**Data segment**.

★ ★ ★ ★

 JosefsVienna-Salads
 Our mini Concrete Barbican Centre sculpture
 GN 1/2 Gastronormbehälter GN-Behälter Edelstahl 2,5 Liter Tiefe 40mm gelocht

★ ★ ★ ★

**To do**.
Please reproduce every line of the material word for word.

**Output**.
 JosefsVienna-Salads
 Our mini Concrete Barbican Centre sculpture
 GN 1/2 Gastronormbehälter GN-Behälter Edelstahl 2,5 Liter Tiefe 40mm gelocht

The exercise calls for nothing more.